Apakah Yefta Membakar Putrinya?
Shalom ka, maaf ganggu , mau tanya tentang putri Yefta di hakim-hakim ka, yg korban dari nazar bapaknya, itu dia di jadikan kurban bakaran atau dijadikan abdi Allah “biarawati” ?
--DS, Jakarta
Shalom DS,
Di Alkitab memang tidak disebutkan apakah Yefta mempersembahkan putrinya sebagai kurban bakaran atau tidak.

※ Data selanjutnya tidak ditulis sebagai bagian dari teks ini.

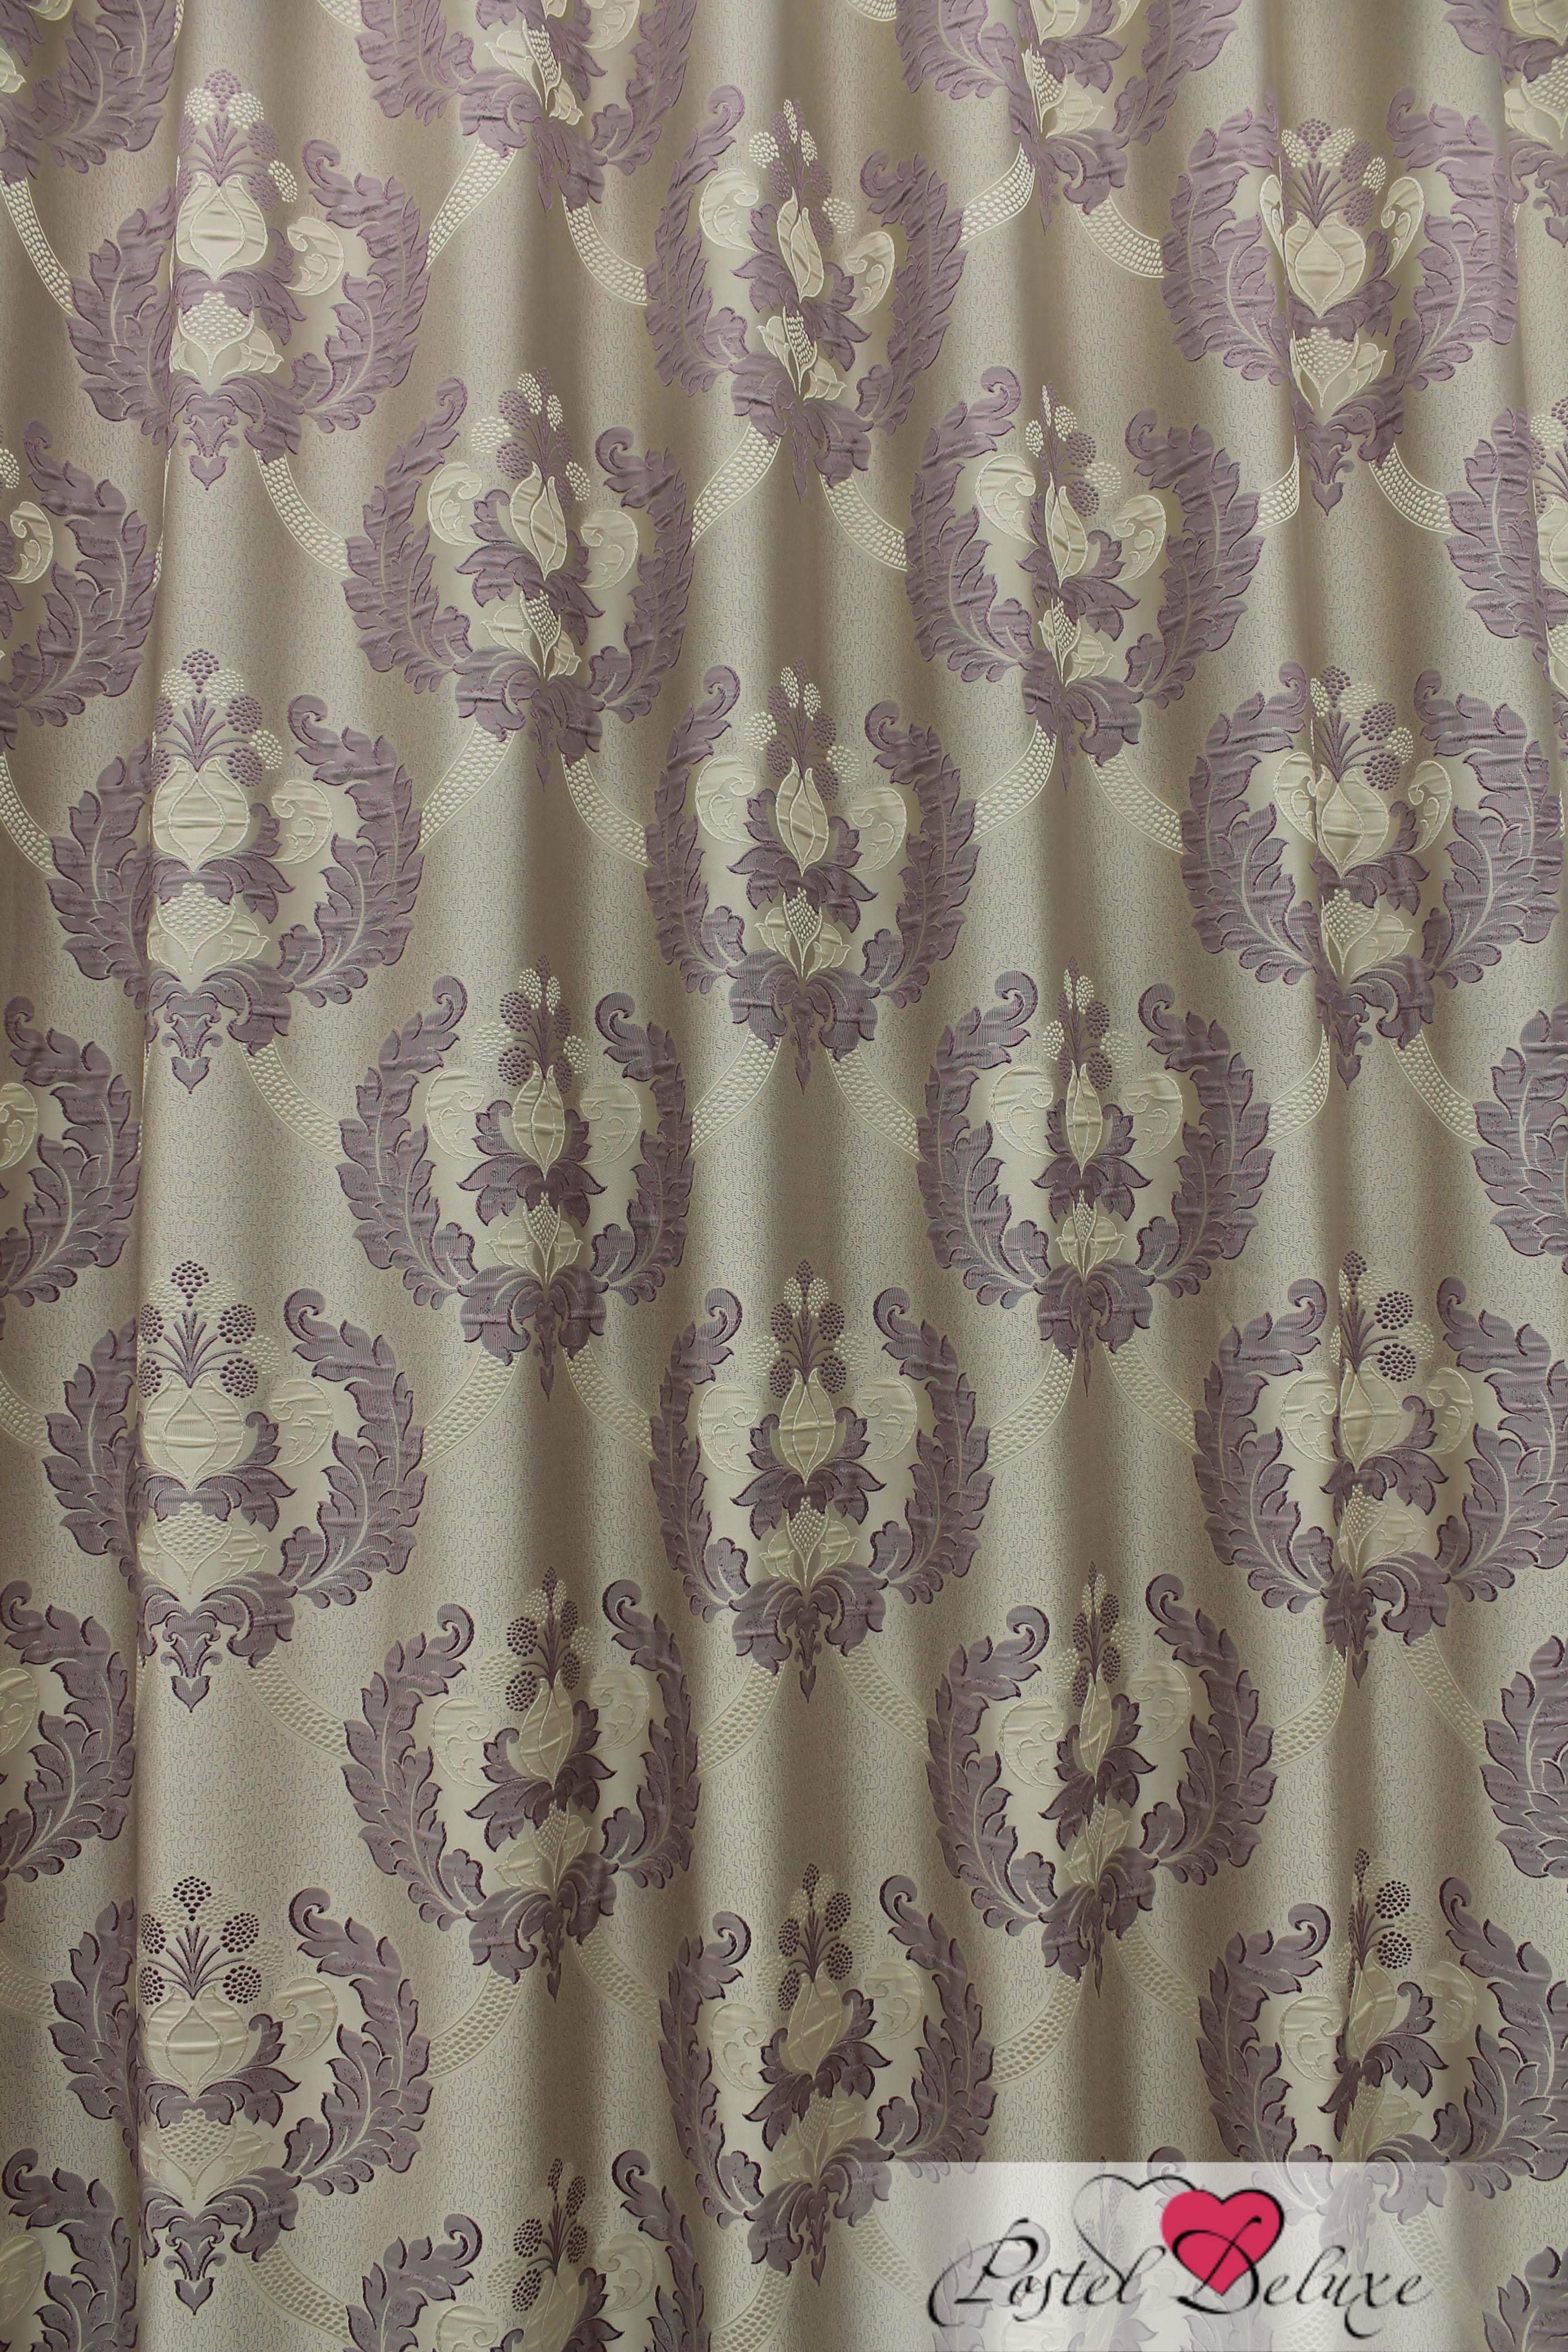 Шторы Sanpa Классические шторы Силвана Цвет: Сиреневый шторы tac классические шторы winx цвет персиковый 200x265 см

Tapi, dalam Taurat ada aturan tegas bahwa nazar itu wajib dilaksanakan persis seperti apa yang dikatakan (Bilangan 30:2).
Di sisi lain, ada juga larangan dalam Taurat untuk mempersembahkan manusia, dalam pengertian seperti agama-agama suku kuno, dimana mereka mempersembahkan manusia kepada dewa-dewa dengan cara dibakar atau dibunuh—khususnya anak-anak (misal di Ulangan 12:31).
Artikel Terkait
Dalam menafsir hukum Taurat, biasanya jika ada benturan antara perintah dan larangan, maka dilihat konsekuensi khata’ (pelanggaran) terberat mana berdasarkan ketetapan kurban atau konsekuensi hukumnya. Di Taurat, setiap khata’ itu ada kurbannya, terutama dua bentuk kurban, yaitu “kurban penebus salah” (asham) dan “kurban penghapus dosa: (khata’at).
Jika kita melanggar suatu ketetapan hukum dengan konsekuensi kita harus mempersembahkan asham, sementara pelanggaran terhadap ketetapan lain harus mempersembahkan khata’at, maka kita harus lebih memprioritaskan untuk tidak melakukan pelanggaran yang harus ditebus dengan khata’at.
Dalam kasus Yefta, konsekuensi untuk tidak menepati nazar lebih rendah dibanding mempersembahkan manusia, meskipun itu kepada Allah (beda kasus dengan Yesus yang mempersembahkan diri-Nya). Sebab, Yefta hidup di tengah-tengah bangsa kafir yang lazim mempersembahkan anak-anak kepada berhala atau dewa-dewa. Jika Yefta harus mengikuti cara para penyembah berhala, maka sama saja dia menjadikan Allah sejajar dengan berhala-berhala zaman itu.
Jadi, biasanya ada alternatif untuk memenuhi nazar, misalnya menjadikan putrinya sebagai “nazir Allah”. Artinya, anak itu sepenuhnya mengabdi kepada Allah dan tidak akan pernah menikah seumur hidupnya. Dalam kitab Imamat, nazar dalam bentuk manusia juga bisa ditebus dengan uang (bdk. Im. 27).
Tapi, apakah Yefta memilih alternatif nazar atau melaksanakan nazarnya secara harfiah tidak disebutkan dalam Alkitab. Pelajaran berharga yang bisa kita ambil dari kasus Yefta adalah berhati-hatilah dalam mengucapkan nazar. Sebab, apa pun yang kita nazarkan, kita dituntut untuk bisa mewujudkannya.